# BRIEF:
Copy the listing exactly; drop the pictures.

# DATA PROVIDED:

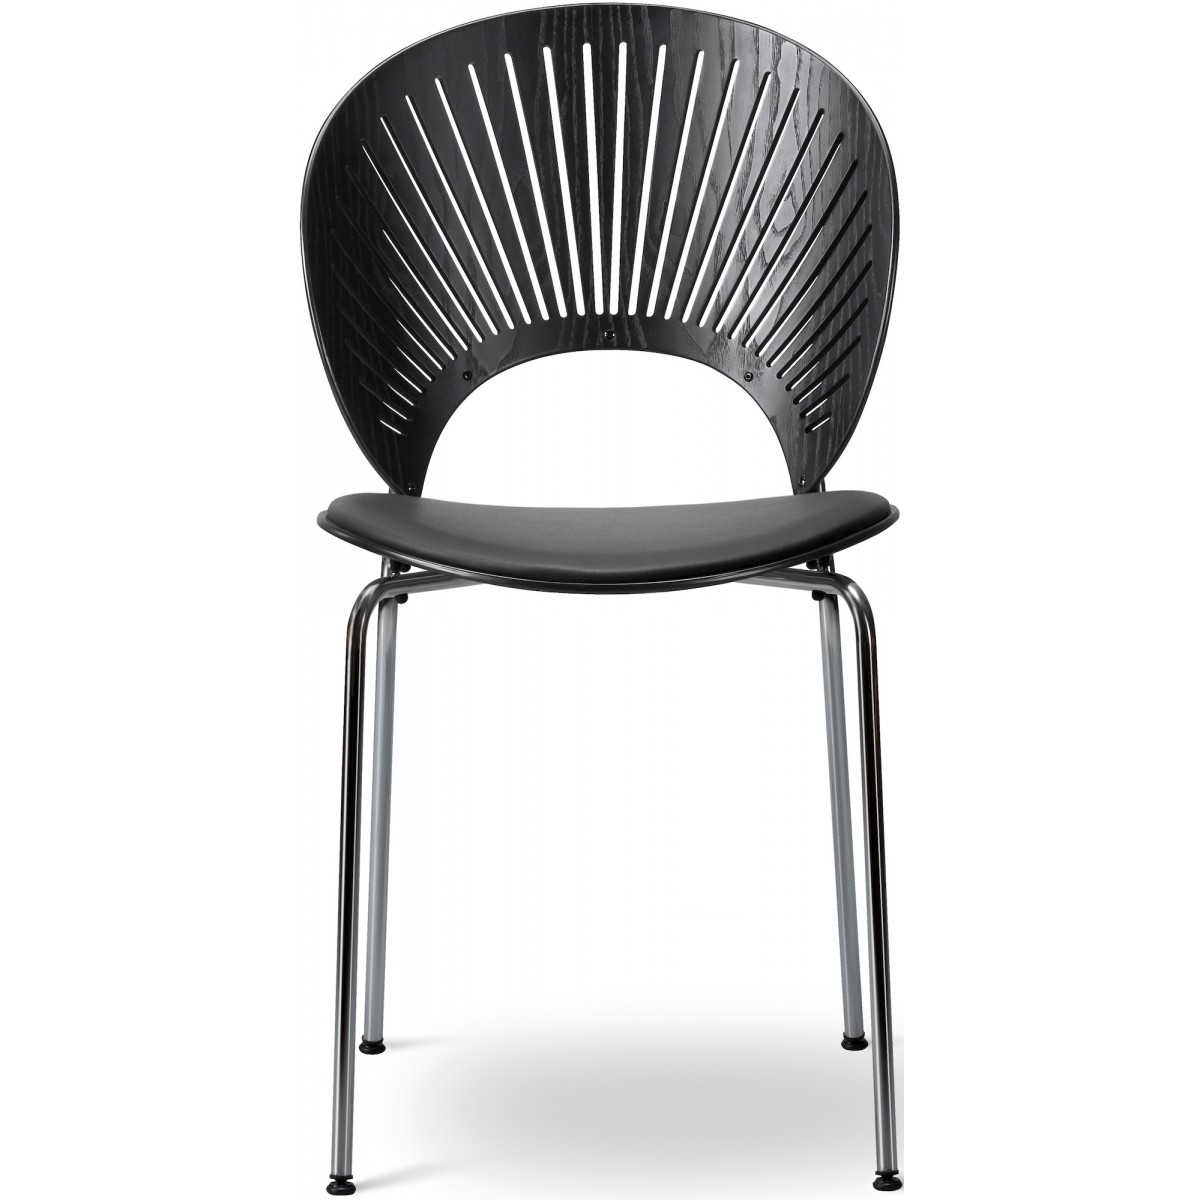 ÉPUISÉ cuir Omni 301 + frêne noir / noir – assise rembourrée – chaise Trinidad 3396
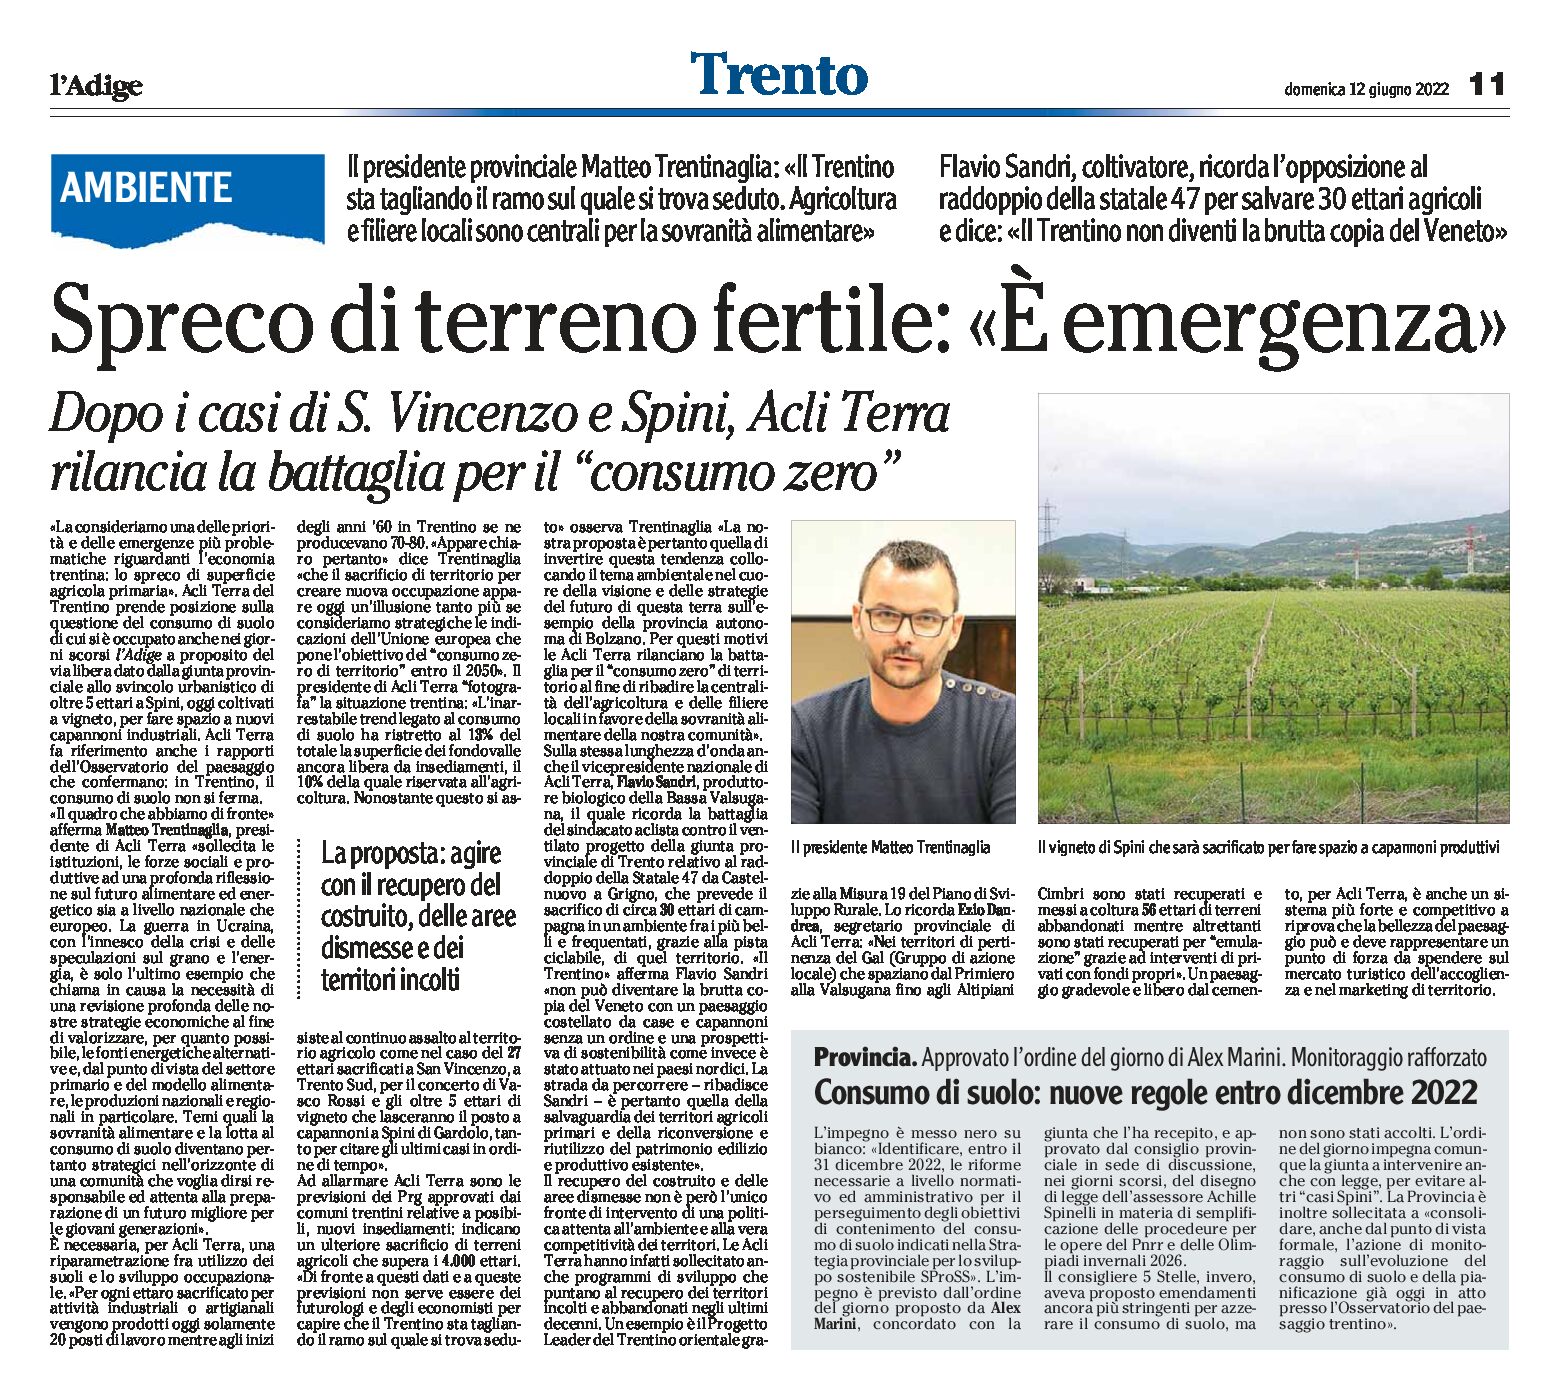 Ambiente, Trentino: spreco di terreno fertile, Acli Terra “è emergenza”
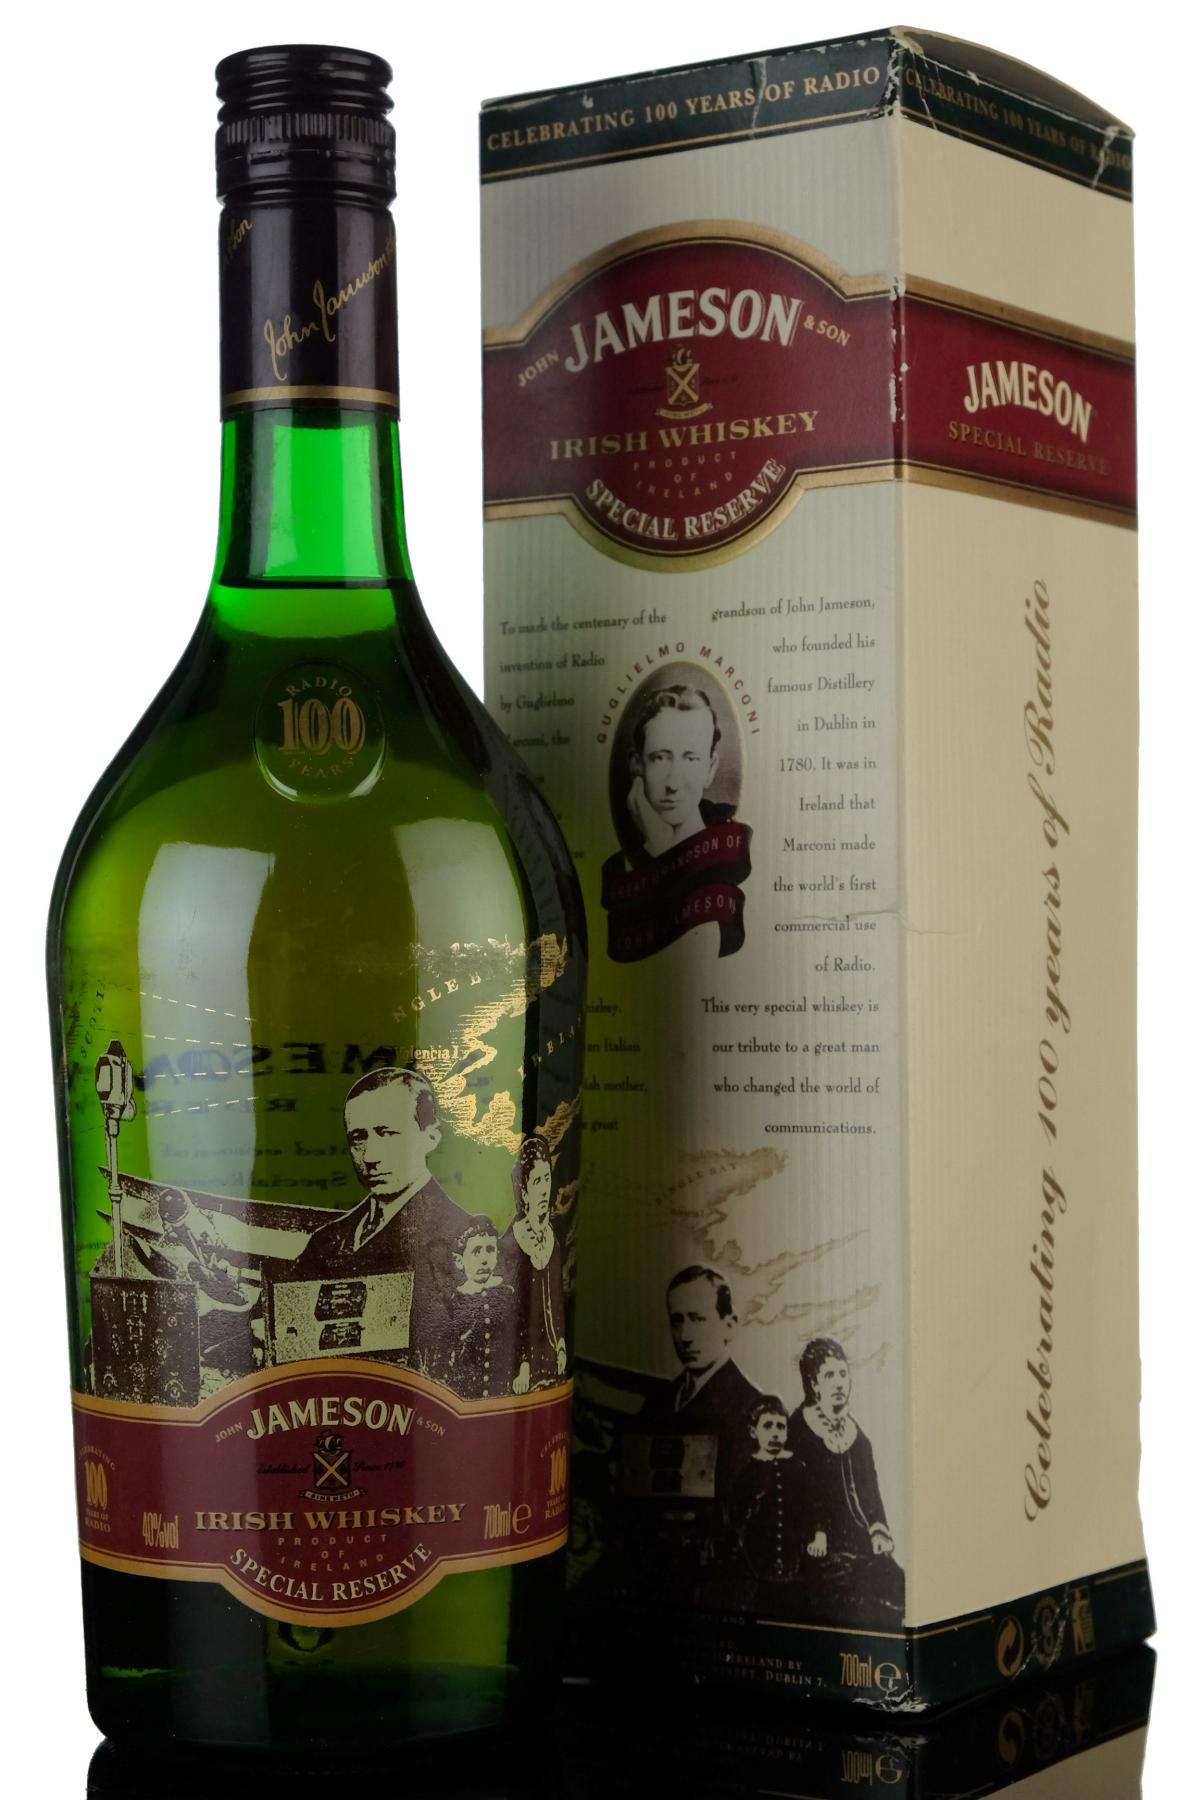 Jameson Irish Whiskey
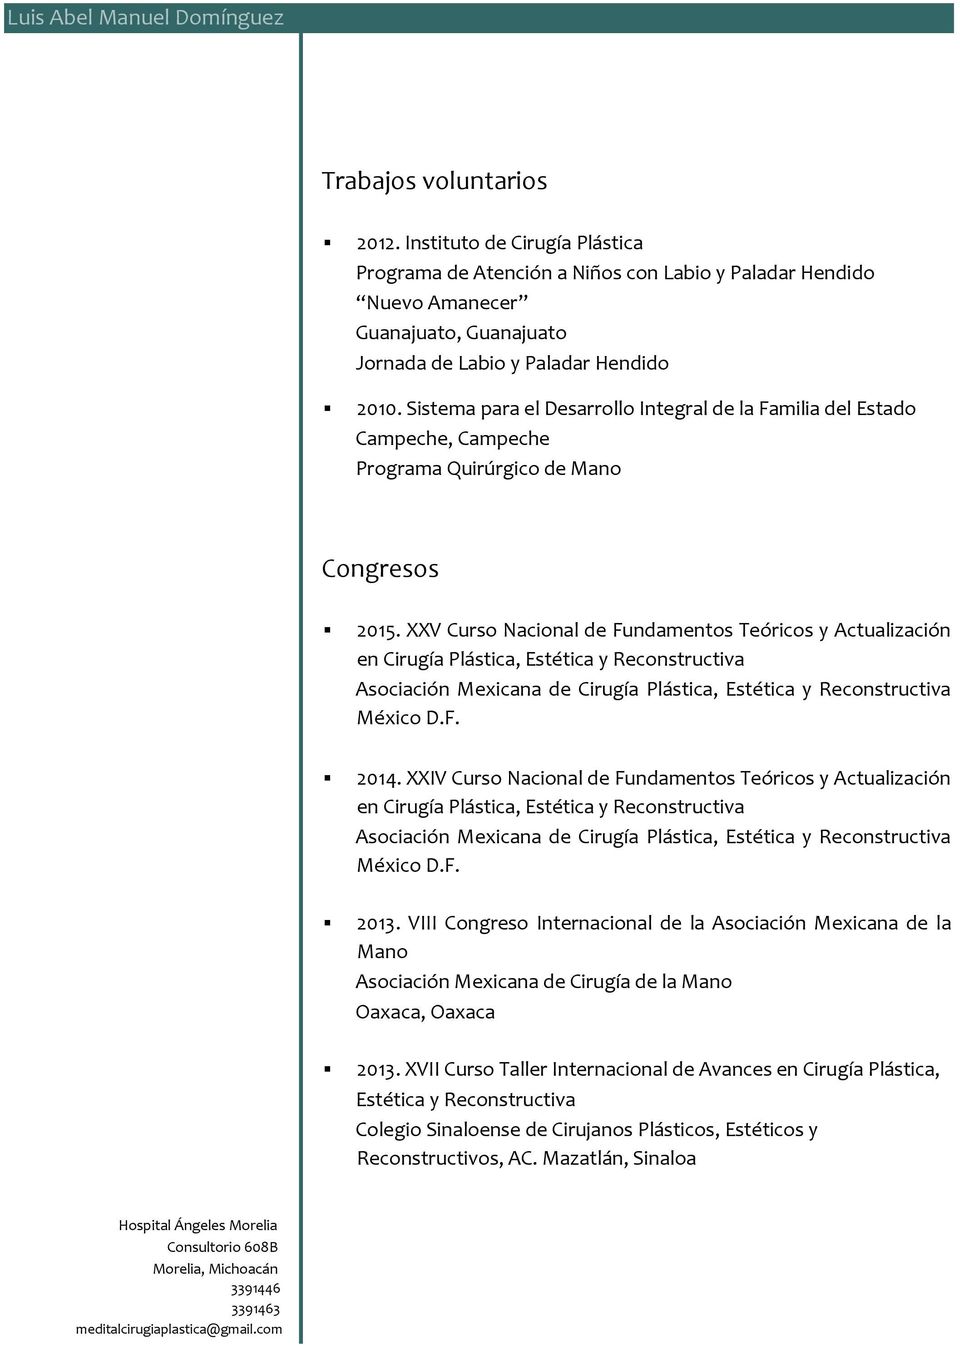 XXV Curso Nacional de Fundamentos Teóricos y Actualización en Cirugía Plástica, Estética y Reconstructiva México D.F. 2014.

# WRITTEN SOLUTION:
 ÉPUISÉ cuir Omni 301 + frêne noir / noir – assise rembourrée – chaise Trinidad 3396
 Ambiente, Trentino: spreco di terreno fertile, Acli Terra “è emergenza”
 Jameson Irish Whiskey
 XXV Curso Nacional de Fundamentos Teóricos y Actualización en Cirugía Plástica, Estética y Reconstructiva México D.F. 2014.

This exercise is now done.